AGREEMENT ON TECHNICAL BARRIERS TO TRADE

Agreement On Technical Barriers To Trade

Members,

Having regard to the Uruguay Round of Multilateral Trade Negotiations;

Desiring to further the objectives of GATT 1994;

Recognizing the important contribution that international standards and conformity assessment systems can make in this regard by improving efficiency of production and facilitating the conduct of international trade;

Desiring therefore to encourage the development of such international standards and conformity assessment systems;

Desiring however to ensure that technical regulations and standards, including packaging, marking and labelling requirements, and procedures for assessment of conformity with technical regulations and standards do not create unnecessary obstacles to international trade;

Recognizing that no country should be prevented from taking measures necessary to ensure the quality of its exports, or for the protection of human, animal or plant life or health, of the environment, or for the prevention of deceptive practices, at the levels it considers appropriate, subject to the requirement that they are not applied in a manner which would constitute a means of arbitrary or unjustifiable discrimination between countries where the same conditions prevail or a disguised restriction on international trade, and are otherwise in accordance with the provisions of this Agreement;

Recognizing that no country should be prevented from taking measures necessary for the protection of its essential security interest;

Recognizing the contribution which international standardization can make to the transfer of technology from developed to developing countries;

Recognizing that developing countries may encounter special difficulties in the formulation and application of technical regulations and standards and procedures for assessment of conformity with technical regulations and standards, and desiring to assist them in their endeavours in this regard;

Hereby agree as follows:

Article 1

General Provisions


1.1 General terms for standardization and procedures for assessment of conformity shall normally have the meaning given to them by definitions adopted within the United Nations system and by international standardizing bodies taking into account their context and in the light of the object and purpose of this Agreement.

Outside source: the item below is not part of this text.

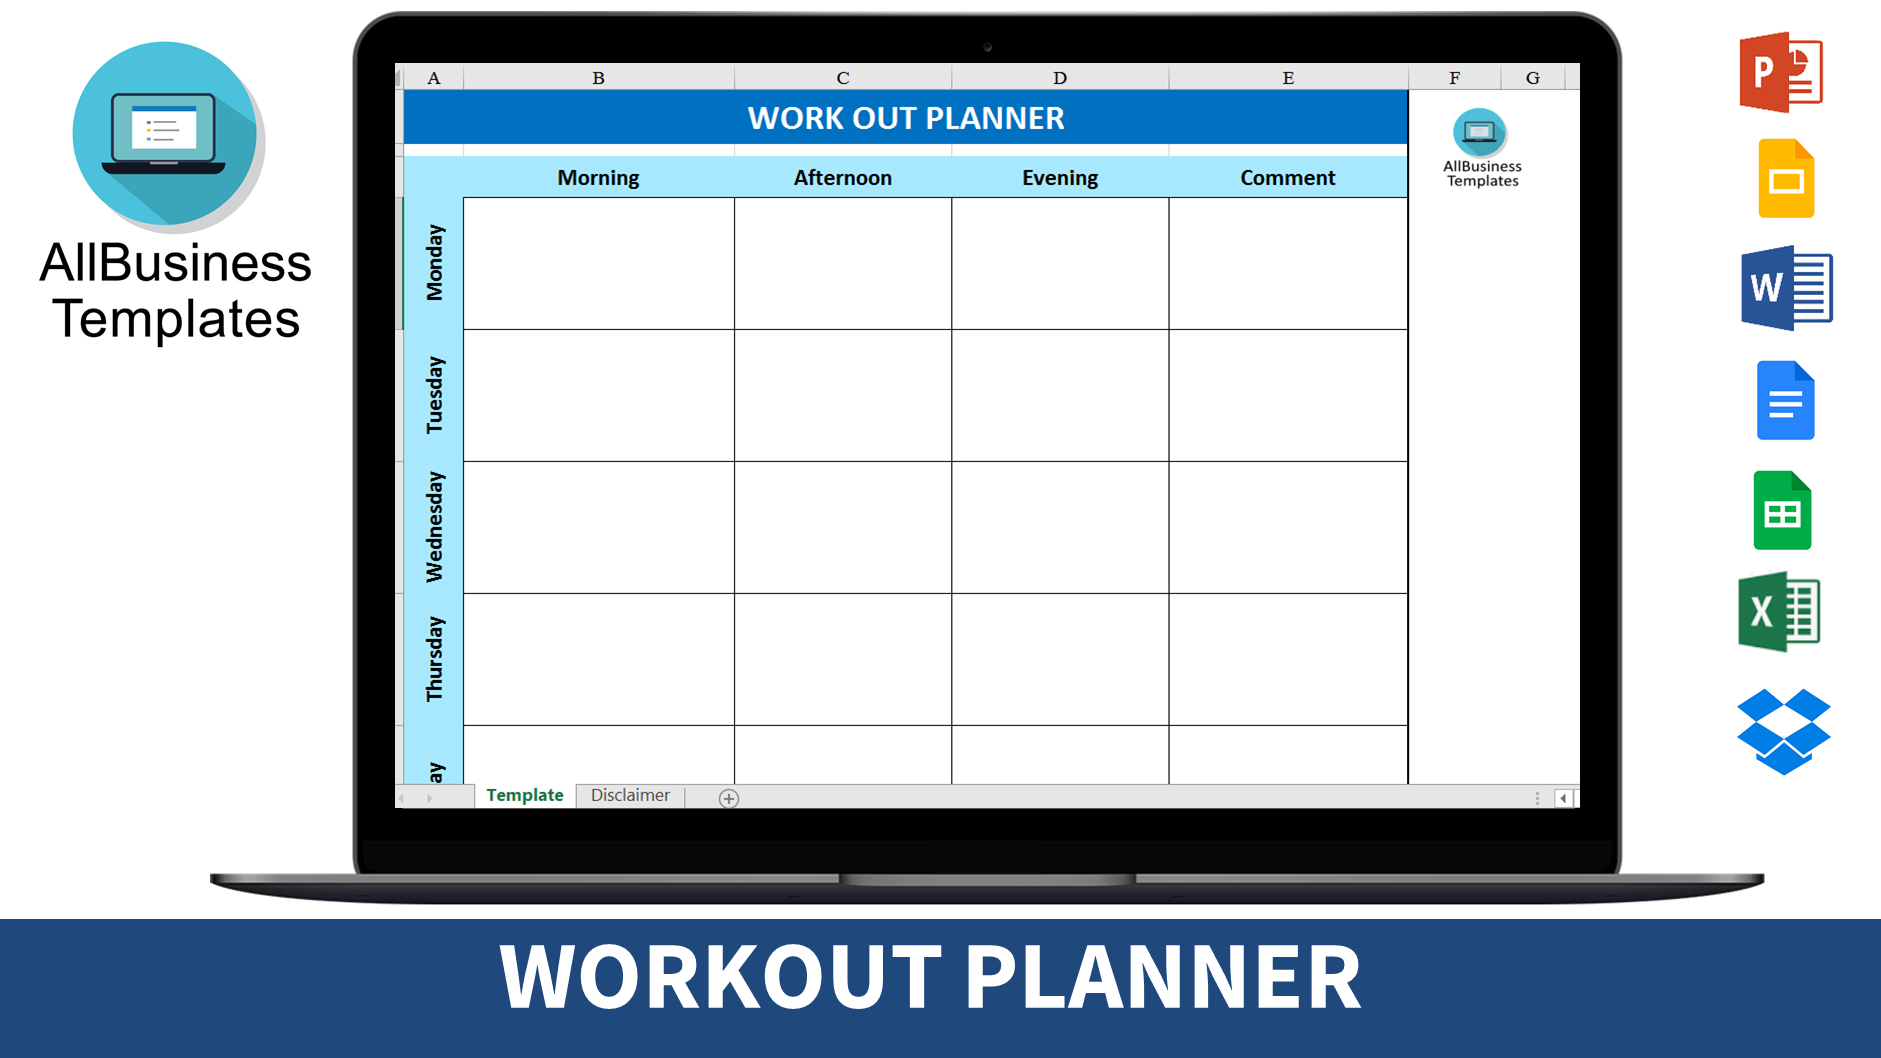 Workout Planner main image

1.2 However, for the purposes of this Agreement the meaning of the terms given in Annex 1 applies.

1.3 All products, including industrial and agricultural products, shall be subject to the provisions of this Agreement.

1.4 Purchasing specifications prepared by governmental bodies for production or consumption requirements of governmental bodies are not subject to the provisions of this Agreement but are addressed in the Agreement on Government Procurement, according to its coverage.

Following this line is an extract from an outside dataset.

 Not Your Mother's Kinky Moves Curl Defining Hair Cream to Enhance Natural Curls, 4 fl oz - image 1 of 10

1.5 The provisions of this Agreement do not apply to sanitary and phytosanitary measures as defined in Annex A of the Agreement on the Application of Sanitary and Phytosanitary Measures.

1.6 All references in this Agreement to technical regulations, standards and conformity assessment procedures shall be construed to include any amendments thereto and any additions to the rules or the product coverage thereof, except amendments and additions of an insignificant nature.

TECHNICAL REGULATIONS AND STANDARDS

Article 2

Preparation, Adoption and Application of Technical Regulations

by Central Government Bodies

With respect to their central government bodies:

2.1 Members shall ensure that in respect of technical regulations, products imported from the territory of any Member shall be accorded treatment no less favourable than that accorded to like products of national origin and to like products originating in any other country.

2.2 Members shall ensure that technical regulations are not prepared, adopted or applied with a view to or with the effect of creating unnecessary obstacles to international trade. For this purpose, technical regulations shall not be more trade-restrictive than necessary to fulfil a legitimate objective, taking account of the risks non-fulfilment would create. Such legitimate objectives are, inter alia: national security requirements; the prevention of deceptive practices; protection of human health or safety, animal or plant life or health, or the environment. In assessing such risks, relevant elements of consideration are, inter alia: available scientific and technical information, related processing technology or intended end-uses of products.